DeAngelo sometimes spent hours in the home ransacking closets and drawers,[94] eating food in the kitchen, drinking beer, raping the woman again, or making additional threats. Victims sometimes thought he had left the house before he "jump[ed] from the darkness".

He typically stole items—often personal objects and items of little value, but occasionally cash and firearms. He then crept away, leaving victims uncertain if he had left. He was believed to escape on foot through a series of yards and then use a bicycle to go home or to a car, making extensive use of parks, schoolyards, creek beds, and other open spaces that kept him off the street.

The East Area Rapist operated in Sacramento County from the first attacks in June 1976 until May 1977. After a three-month gap, he struck in nearby San Joaquin County in September before returning to Sacramento for all but one of the next ten attacks. The rapist attacked five times during the summer of 1978 in Stanislaus and Yolo counties before disappearing again for three months. Attacks then moved primarily to Contra Costa County in October and lasted until July 1979.

A young Sacramento couple—Brian Maggiore, a military policeman at Mather Air Force Base, and his wife Katie Maggiore—were walking their dog in the Rancho Cordova area on the night of February 2, 1978, near where five East Area Rapist attacks had occurred.

The Maggiores fled after a confrontation in the street but were chased down and shot to death. Some investigators suspected that they had been murdered by the East Area Rapist because of their proximity to the other attacks' locations, and a shoelace was found nearby. The FBI announced on June 15, 2016, that it was confident that the East Area Rapist had murdered the Maggiores.  On June 29, 2020, DeAngelo entered a plea of guilty to these murders.

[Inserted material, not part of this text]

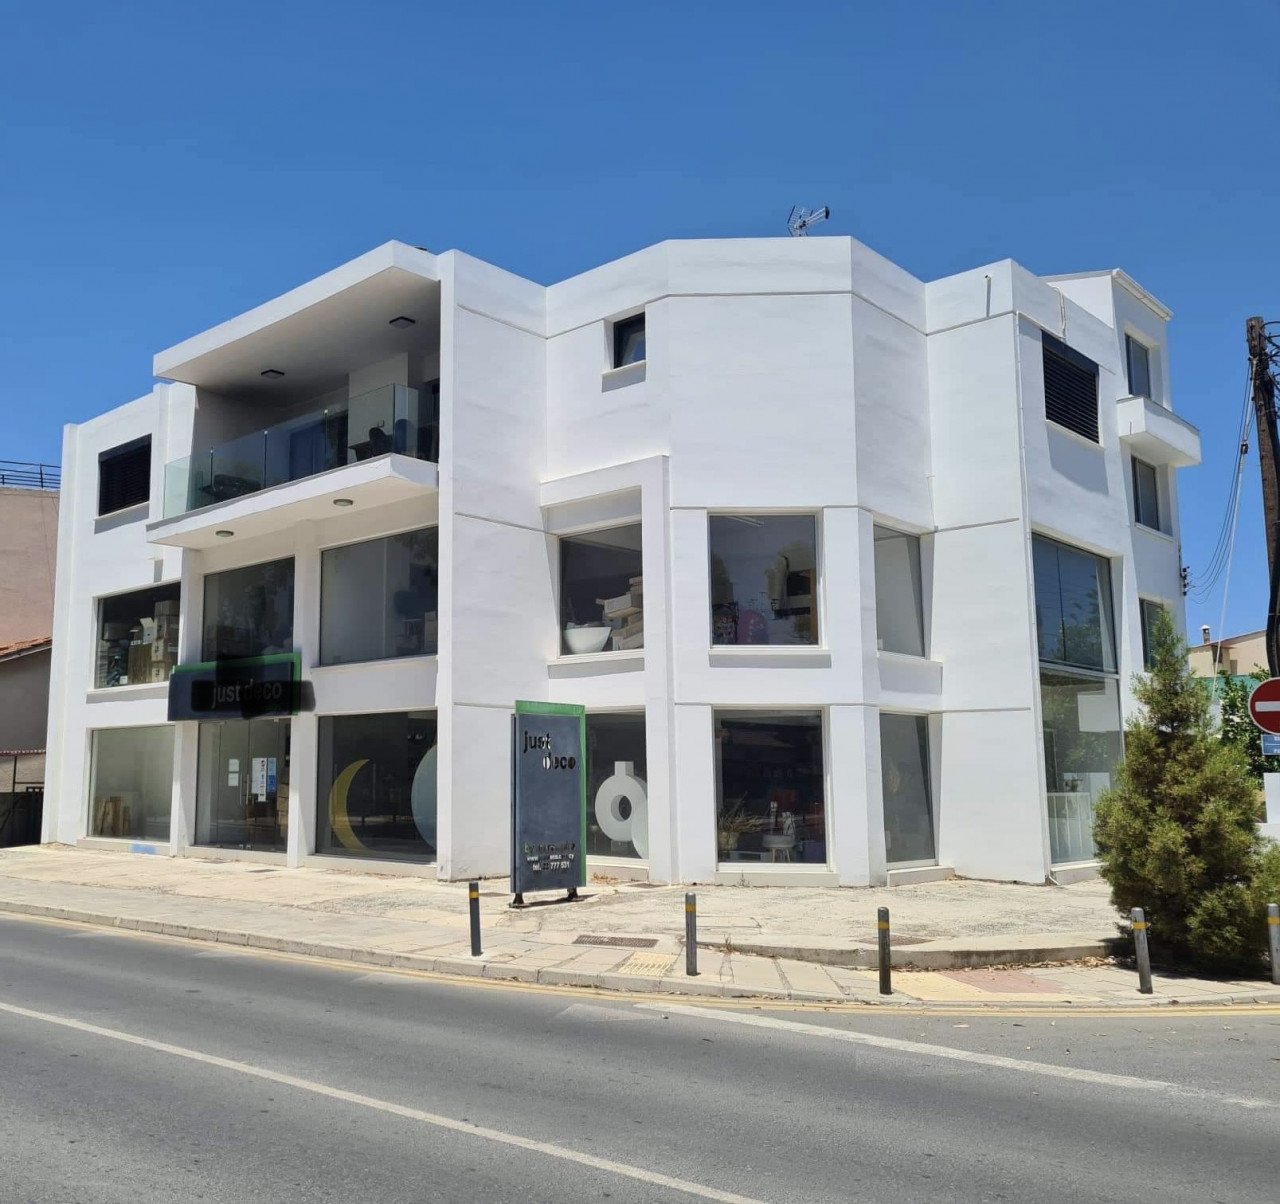 Property for Rent: Commercial (Shop) in Agios Dometios, Nicosia for Rent | Key Realtor Cyprus

Original Night Stalker (1979–1986)

Shortly after the rape committed on July 5, 1979, DeAngelo moved to Southern California and began killing his victims, first striking in Santa Barbara County in October. The attacks lasted until 1981 (with a lone 1986 attack). Only the couple in the first attack survived, alerting neighbors and forcing the intruder to flee; the other victims were murdered by gunshot or bludgeoning. Since DeAngelo was not linked to these crimes for decades, he was known as the Night Stalker in the area, before being renamed the Original Night Stalker after serial killer Richard Ramirez received the former nickname.